History suggests that enforcement likely would not stop Californians from selling and consuming legal marijuana. But it still would be difficult for the attorney general to stand by as the state legalizes pot. The reason: other states might not care about thousands of Californians consuming legal marijuana, but they would fume at a Justice Department that allows drug dealers to carry California-grown cannabis across state lines.

Precisely how much of this legally bought, illegally transported "gray market" marijuana would flood the market is unclear and would presumably depend on price. A recent study by the nonprofit RAND Corporation estimates that taxed, California-produced marijuana would cost $91 per ounce for the end consumer at retail shops. That's far cheaper than black-market prices, which can be as much as $400 per ounce. But the researchers acknowledged considerable uncertainty about the headway that gray-market California marijuana might make across the country. Smuggling costs are difficult to estimate, for example (what's the going rate for driving a truck full of California pot to Wisconsin? Or Texas?), and tax levels in California are hard to predict. And if cheaper California marijuana were to flood the market, how far would sources of black-market pot, such as Mexican cartels or traffickers based in Canada and rural America, lower their prices to maintain their share of the business?

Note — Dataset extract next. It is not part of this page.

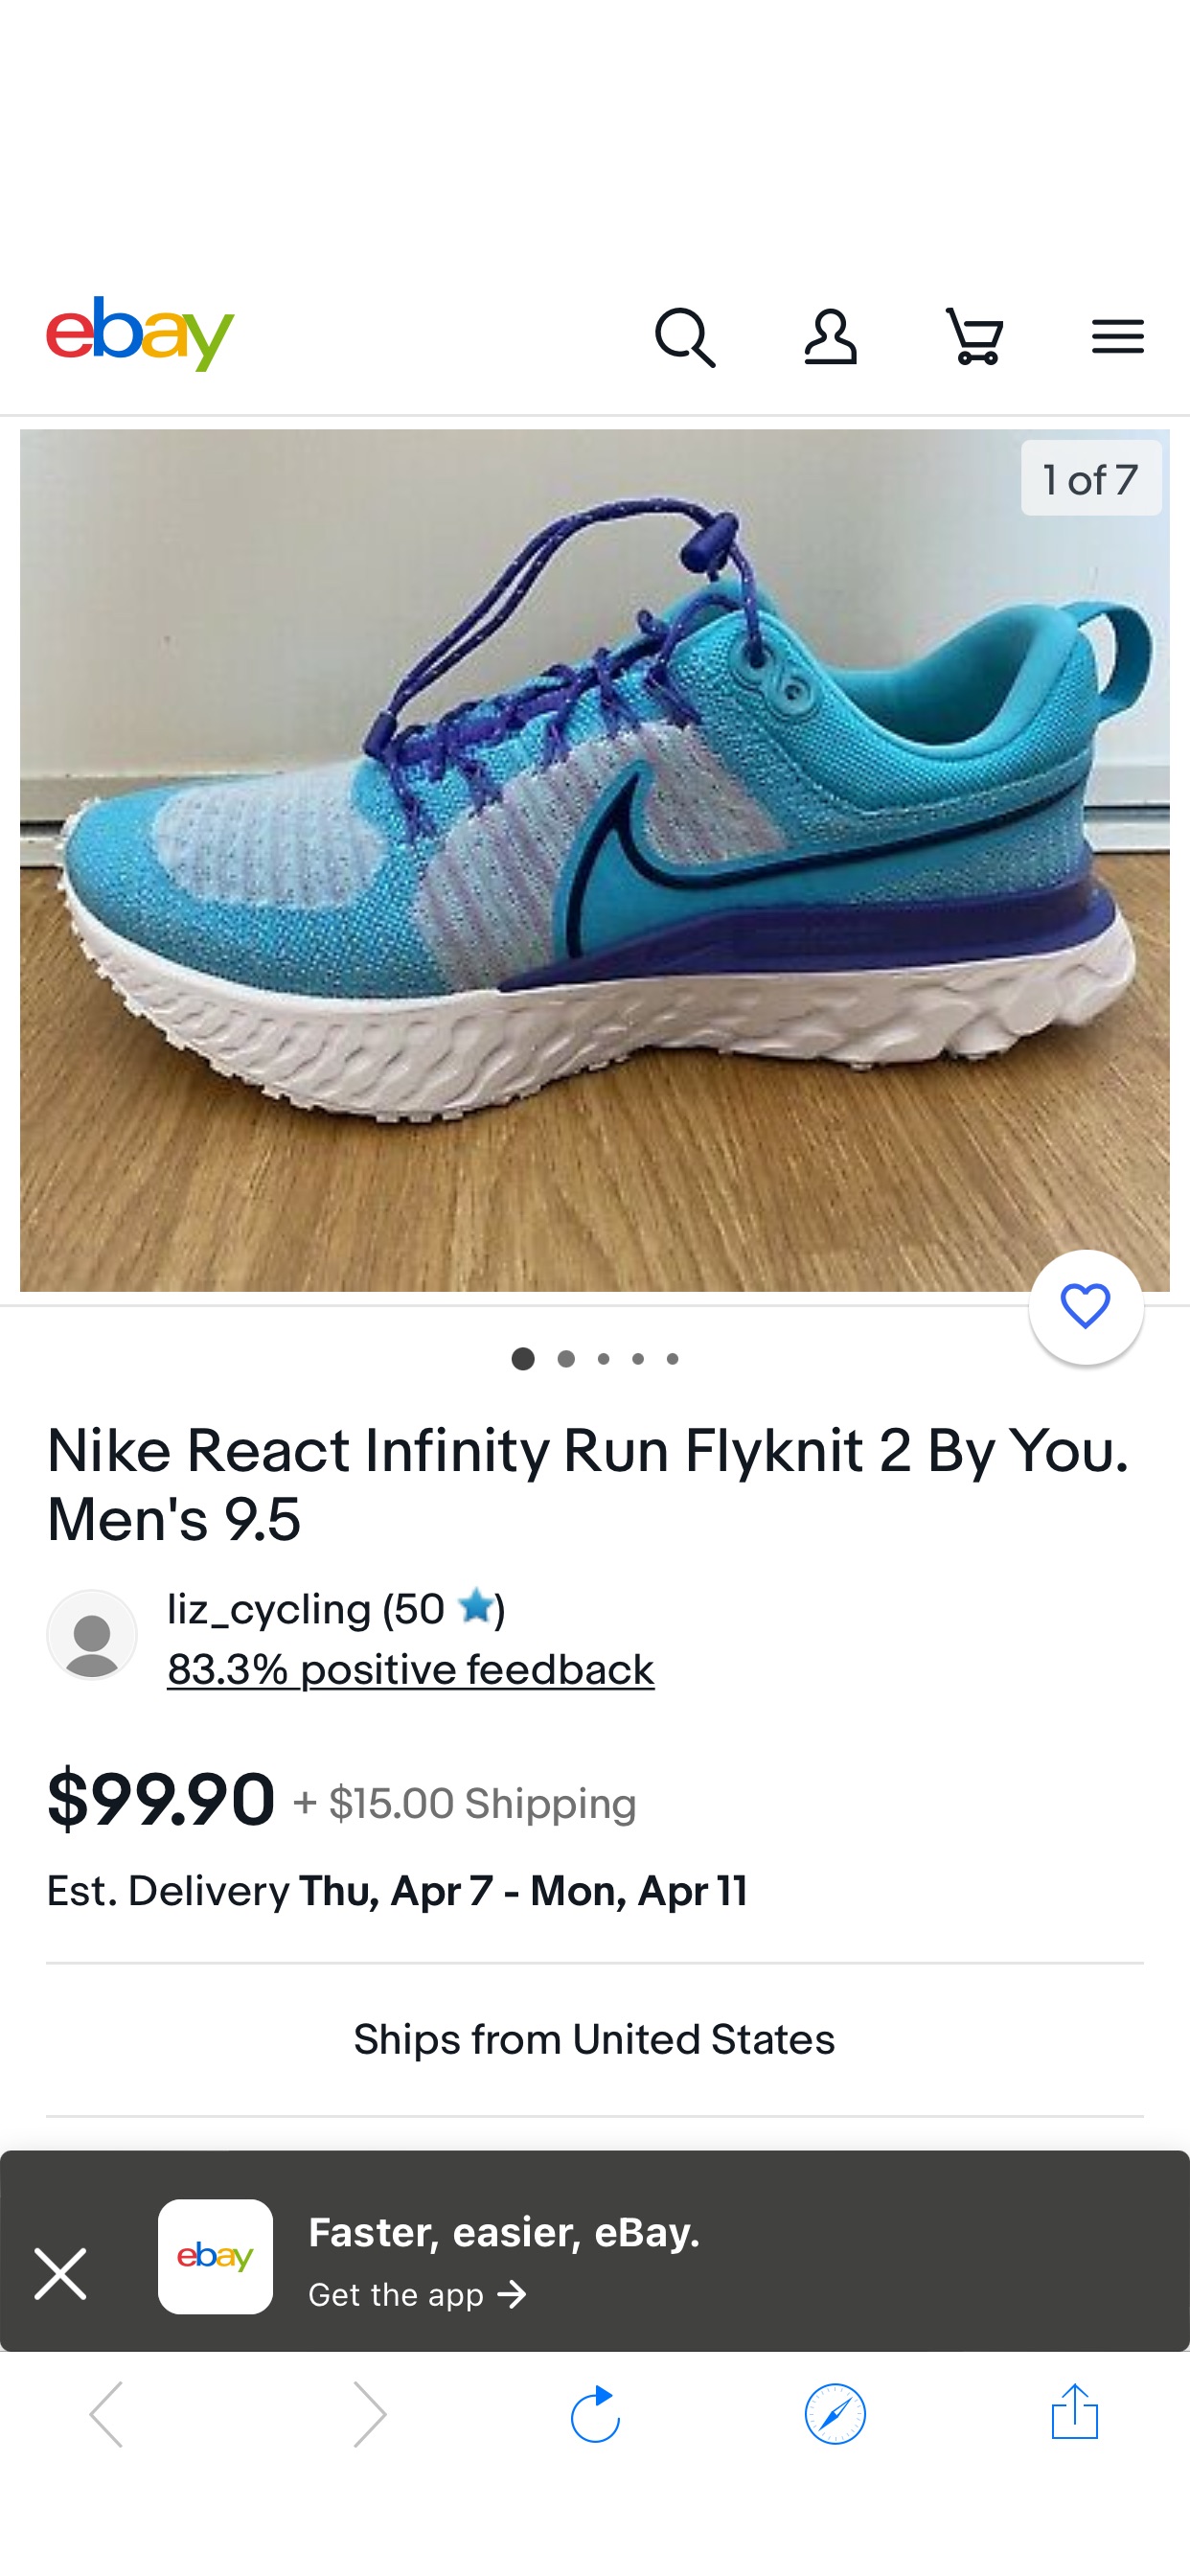 Nike React Infinity Run Flyknit 2 By You. Men's 9.5 | eBay 耐克跑鞋限定款
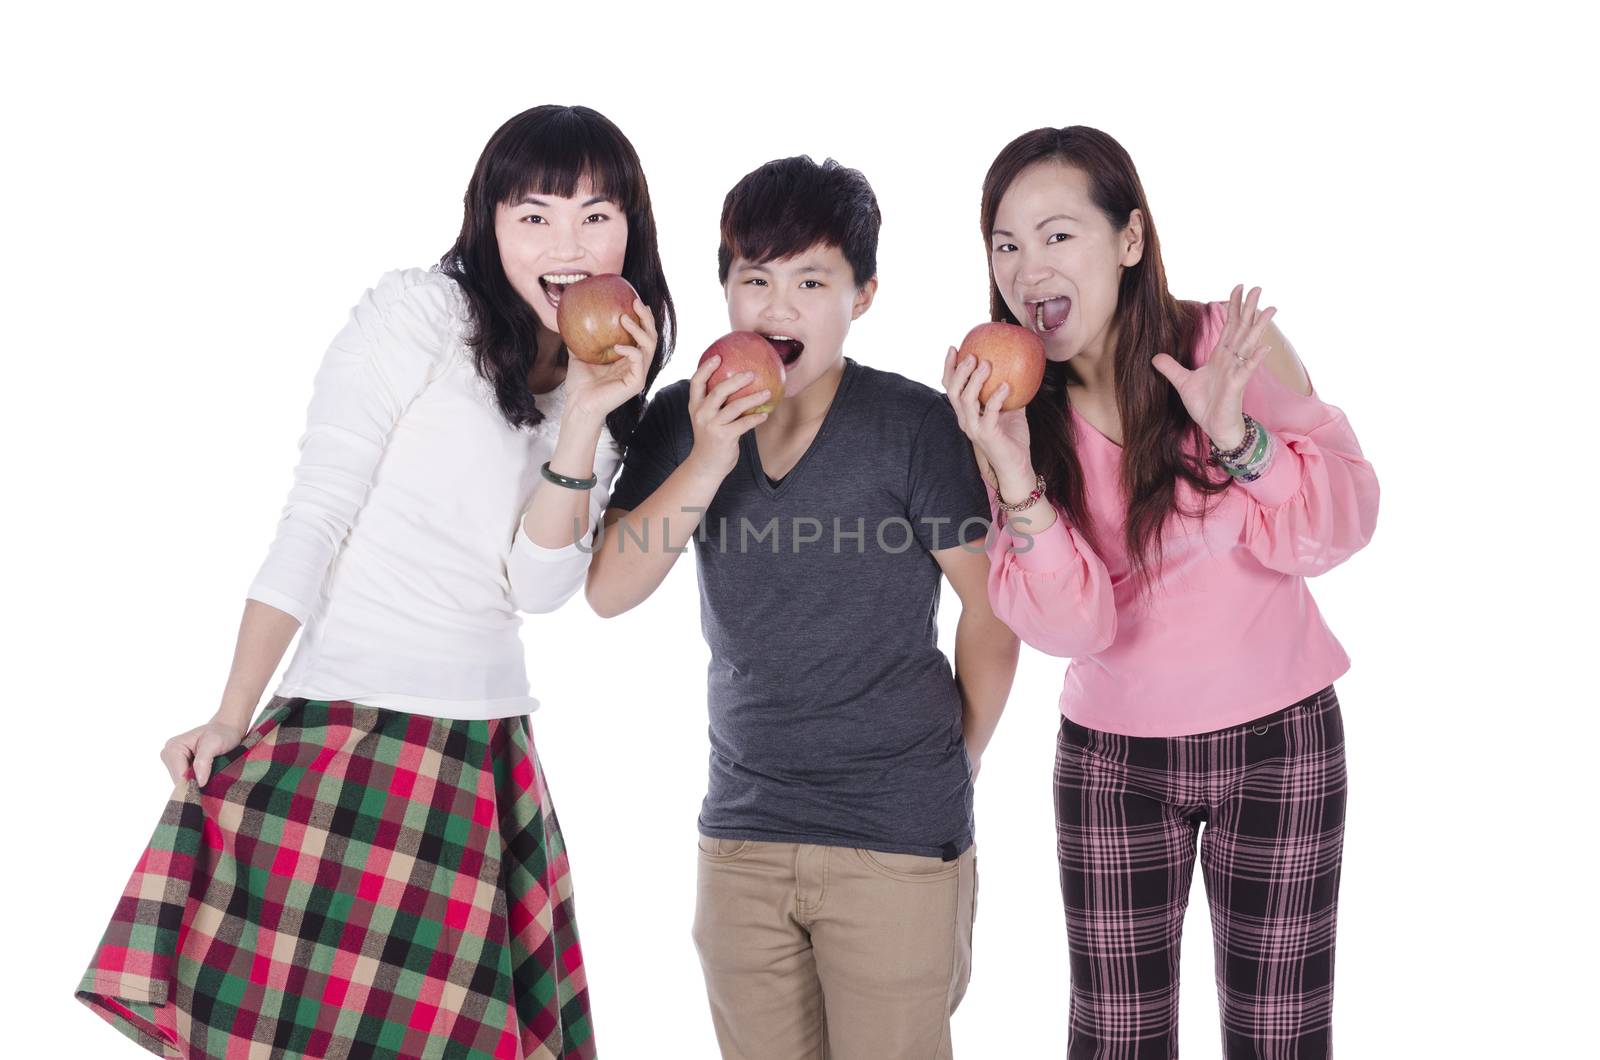 Pretty girls eating apples by FrankyLiu

In another study, the RAND researchers made their best guesses at these variables and tried to compare the price of legal marijuana from California with cannabis exported by Mexico's murderous cartels. They found that California pot would be far cheaper even with estimated taxes included, likely taking over the entire California market unless the cartels drastically cut their prices. When it came to prices in other states, the researchers concluded that marijuana from California would "undercut" prices of illegal cannabis across the country only "if the federal government reacted to Prop 19 in a fairly passive way." In a post–Prop 19 world, in other words, the more federal regulators crack down on the flow of California marijuana across the country, the more expensive that pot would become in other states, making it less of a threat to the cartels' business.

Prop 19 is, by many accounts, a flawed initiative. "I would rather be talking about the merits of legalization than the demerits of this cockamamie kluge of a bill," says Kleiman, the UCLA drug-policy expert, expressing his frustration with the slew of media calls he's received on the subject. "If a law is properly drafted, you know when it's valid and you know what will happen if it passes. It seems to me neither is the case."

Indeed, no one knows for sure whether California weed would replace Mexican dope, or if the feds would sue California, or how often DEA agents would be busting down doors in Oakland pot shops. But if voters approve Prop 19, the attorney general will have to figure out the answers to those questions, and quickly.

Editor's note: An early version of this story said that Californians needed state-issued ID cards to buy medical marijuana. The ID cards are county-issued, and are not mandatory. It also stated incorrectly that the Obama administration had altogether ceased raids on medical marijuana dispensaries.